(Records excerpted from a collection)
****************************************

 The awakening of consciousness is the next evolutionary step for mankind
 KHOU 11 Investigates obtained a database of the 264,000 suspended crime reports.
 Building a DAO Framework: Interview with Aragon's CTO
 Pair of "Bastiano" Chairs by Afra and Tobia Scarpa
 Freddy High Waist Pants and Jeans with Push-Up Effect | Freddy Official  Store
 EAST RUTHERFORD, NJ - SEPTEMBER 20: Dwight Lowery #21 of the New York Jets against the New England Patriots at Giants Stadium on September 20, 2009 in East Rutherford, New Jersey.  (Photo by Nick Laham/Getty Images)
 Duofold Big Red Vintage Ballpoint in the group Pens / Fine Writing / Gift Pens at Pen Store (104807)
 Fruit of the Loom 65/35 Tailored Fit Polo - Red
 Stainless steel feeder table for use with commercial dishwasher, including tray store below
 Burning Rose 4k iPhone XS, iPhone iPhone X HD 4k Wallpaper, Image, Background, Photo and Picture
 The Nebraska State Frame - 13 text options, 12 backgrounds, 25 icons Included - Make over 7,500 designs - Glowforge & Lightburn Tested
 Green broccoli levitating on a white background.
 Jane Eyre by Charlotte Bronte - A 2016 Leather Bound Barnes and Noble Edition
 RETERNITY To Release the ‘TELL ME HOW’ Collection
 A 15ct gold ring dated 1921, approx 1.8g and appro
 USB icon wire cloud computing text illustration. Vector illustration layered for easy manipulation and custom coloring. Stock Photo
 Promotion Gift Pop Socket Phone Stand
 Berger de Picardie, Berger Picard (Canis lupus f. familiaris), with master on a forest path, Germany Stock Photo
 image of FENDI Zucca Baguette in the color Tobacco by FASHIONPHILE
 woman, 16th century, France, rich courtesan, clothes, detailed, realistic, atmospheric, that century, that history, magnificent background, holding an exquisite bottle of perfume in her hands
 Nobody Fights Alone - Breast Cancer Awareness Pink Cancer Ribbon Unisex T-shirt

****************************************

- Problem details
The answer must consist of every line from the entries that holds the string "Gift".

- Your response
 Duofold Big Red Vintage Ballpoint in the group Pens / Fine Writing / Gift Pens at Pen Store (104807)
 Promotion Gift Pop Socket Phone Stand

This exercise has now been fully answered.